One hundred clinical isolates of S. aureus were obtained from 350 pus samples using standard microbiological techniques. Antimicrobial susceptibility test was performed using the modified Kirby–Bauer disk diffusion method and confirmed by VITEK 2 automated microbiology system. S. aureus (MRSA) detection was also confirmed by detection of mec A gene by PCR.
Biofilm formation in these isolates was detected phenotypically by tissue culture plate (TCP) method and congo red agar (CRA) and genotypically by detection of ica ABCD genes by PCR.
S.aureus isolates were totally resistant to Penicillin G and highly resistant to Cefoxitin and Oxacillin. They were moderately resistant to Gentamycin, Tetracycline, Erythromycin, Clindamycin, Doxycycline and Chloramphenicol.
They showed low resistance to Ciprofloxacin, Levofloxacin Trimethoprim/ Sulfamethoxazole, Moxifloxacin and Azithromycin. All isolates were sensitive to Qunipristin/Dalfopristin, Linezolid, Vancomycin ,Tigecycline, Nitrofurantoin, Rifampicin and Teicoplanin. Among the 100 isolated S.aureus isolates, 89(89%) were identified as MRSA.
The clinical isolates of S. aureus recovered from infected wounds exhibit a high degree of biofilm formation .Biofilm formation was observed in (76 %), (74%) and (70%) isolates of S. aureus via TCP method CRA and genotypically, respectively.

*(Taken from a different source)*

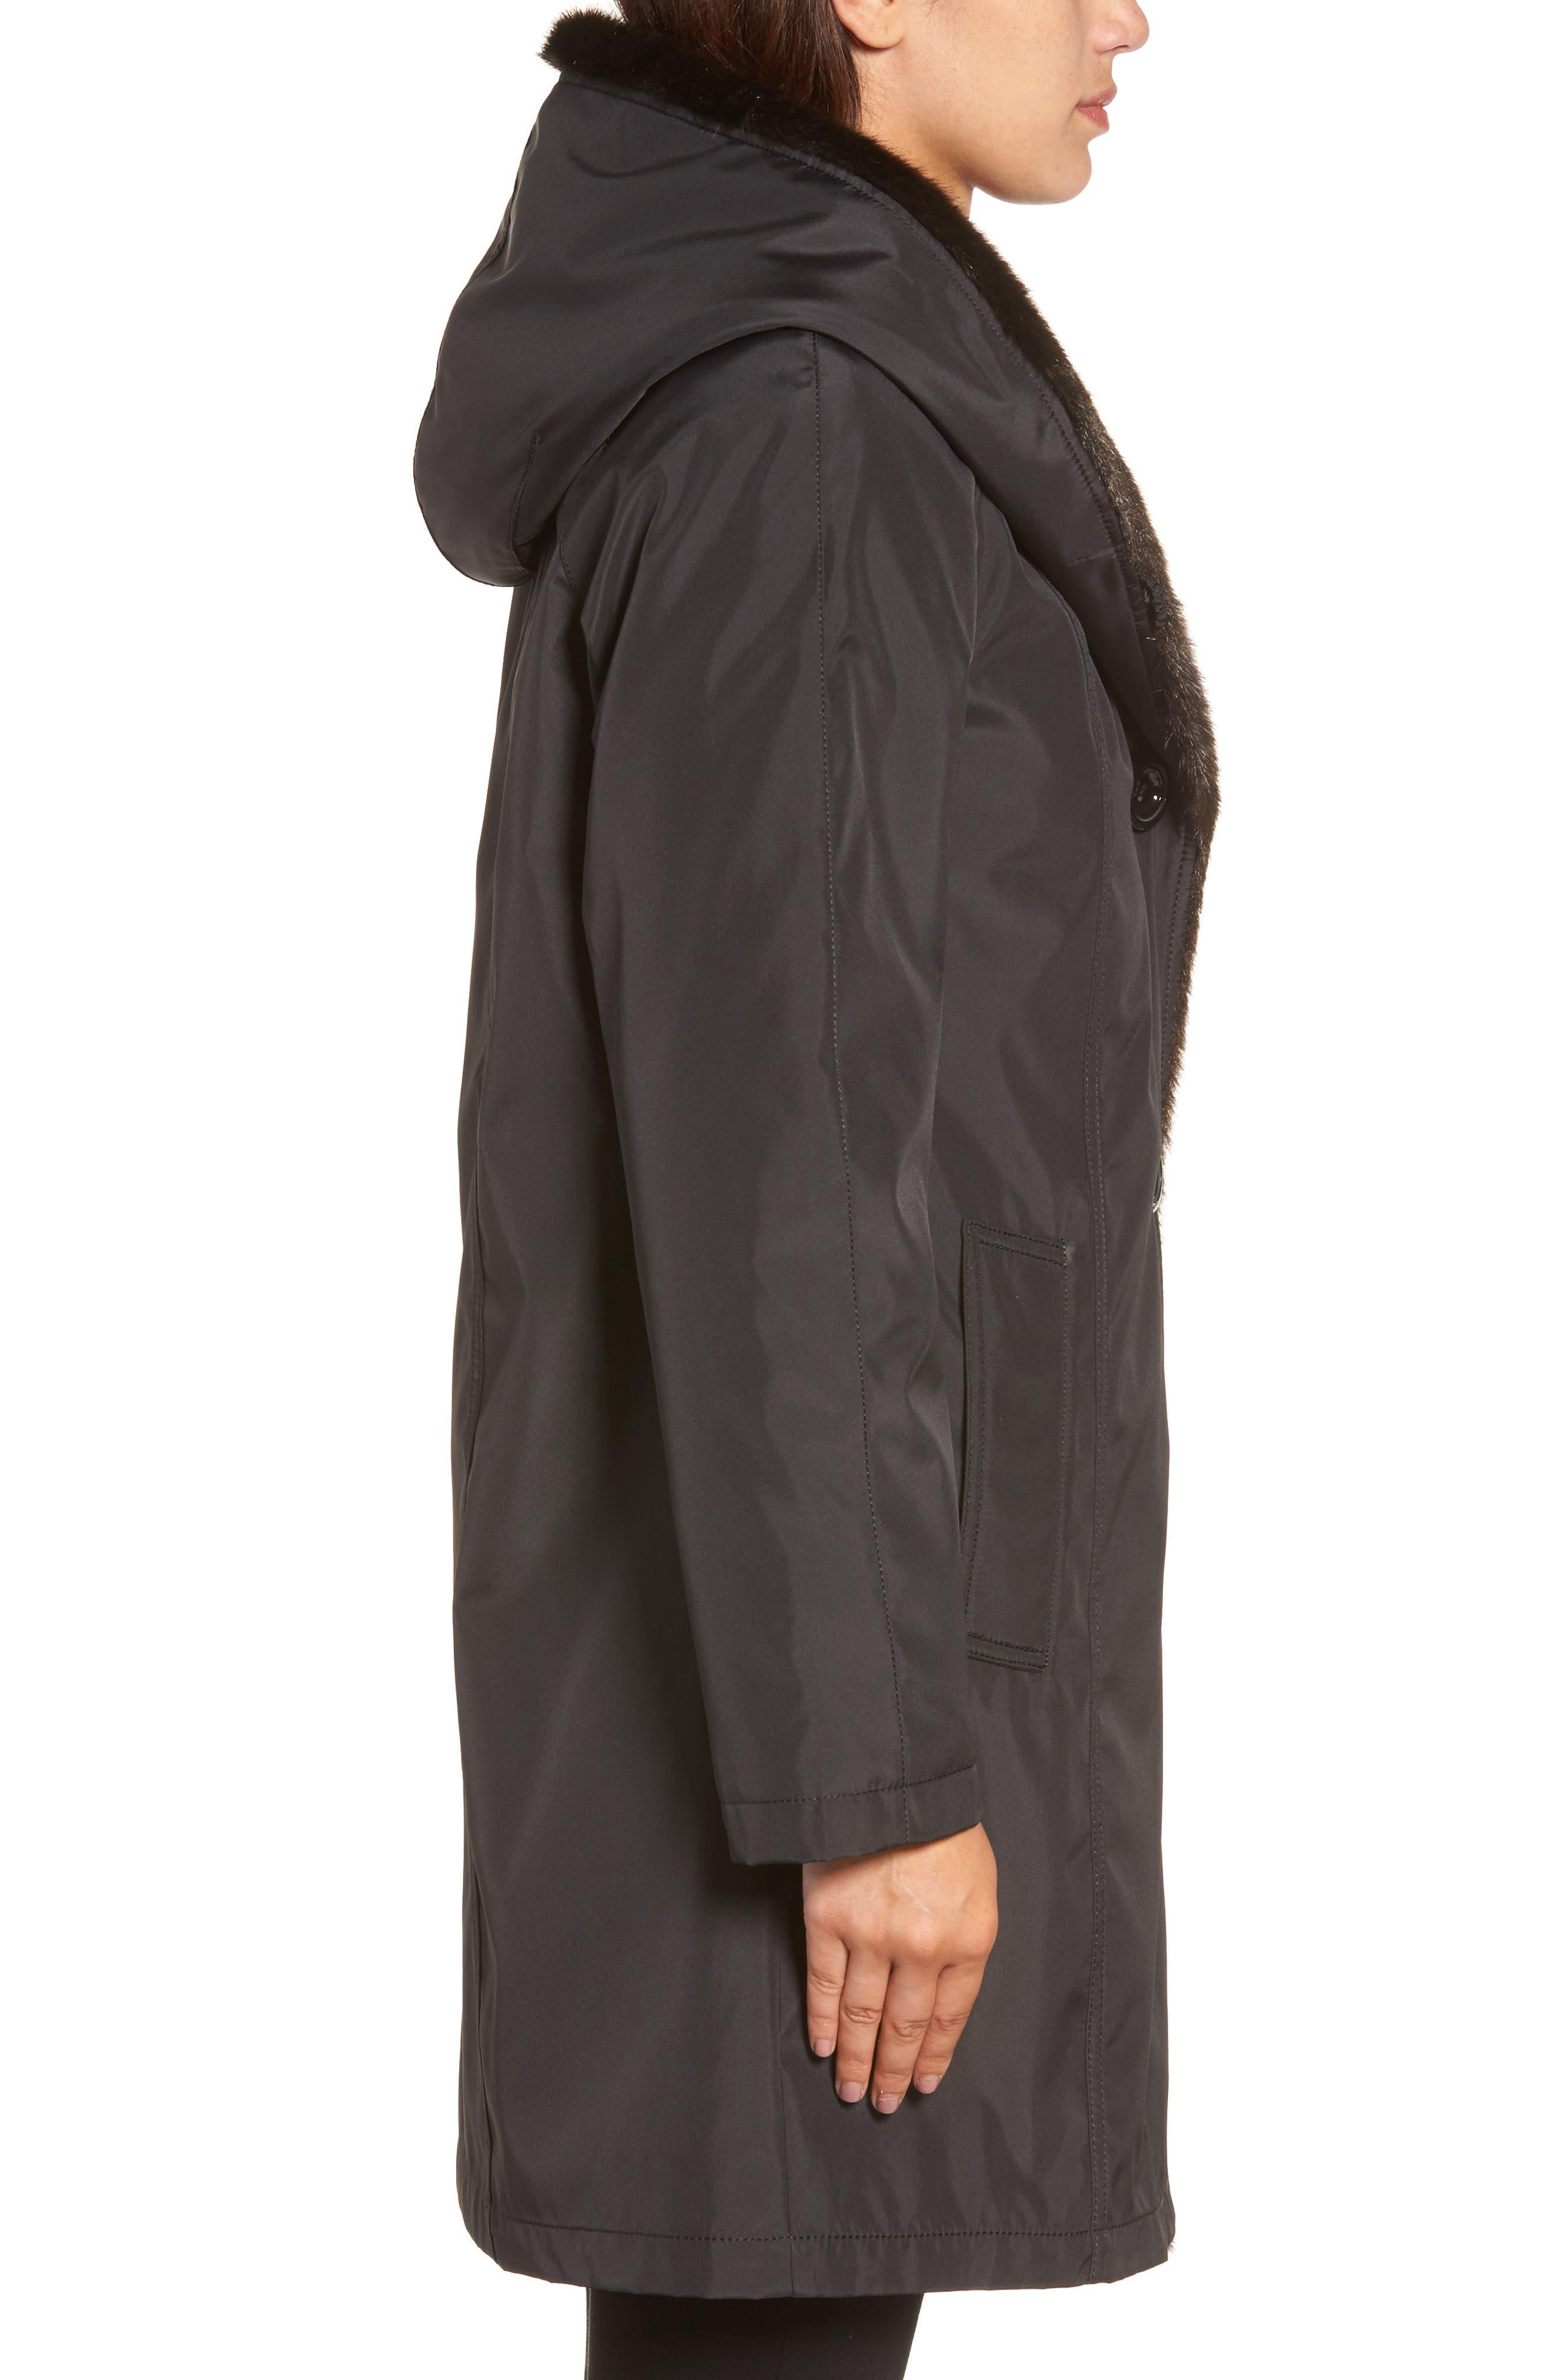 Storm Coat with Faux Fur Trim & Lining,                             Alternate thumbnail 3, color,                             001

Evaluation of risk factors associated with biofilm formation of S.aureus in infected wounds in the present study concluded that sex ,bed sores, previous hospital admission, using of broad spectrum antibiotics and presence of chronic diseases (other than DM) were important risk factors for biofilm formation by S.aureus in infected wounds .
S. aureus isolates were tested for detection of biofilm formation by congo red method , tissue culture method and PCR for detection of (ica A,B,C,D) genes. 70 isolates (70% ) were found to contain one or more of these genes and 30 isolates (30%) were negative for all genes. Ica A was present in 23% of isolates, Ica B was present in 11% of isolates, Ica C was present in 9% of isolates and Ica D was present in 70% of isolates. 89% of the S.aureus were MRSA and showed higher capacity to produce biofilm than MSSA.
Congo red and TCP methods, had statistically significant relation with the concomitant presence of ica A,B,C,D genes but TCP had higher sensitivity and specificity. CRA, although easier and faster to perform, still TCP remains a better tool for screening of biofilm formation.
On the other hand, the biofilm-forming ability of some strains in the absence of ica A,B,C,D genes highlights the importance of further genetic investigations of ica independent biofilm formation mechanisms.
The biofilm forming isolates have a higher tendency to exhibit antibiotic resistance compared to non biofilm forming strains. This may lead to the high risk of impairment in the wound healing and dissemination of the infection enhancing morbidity and mortality.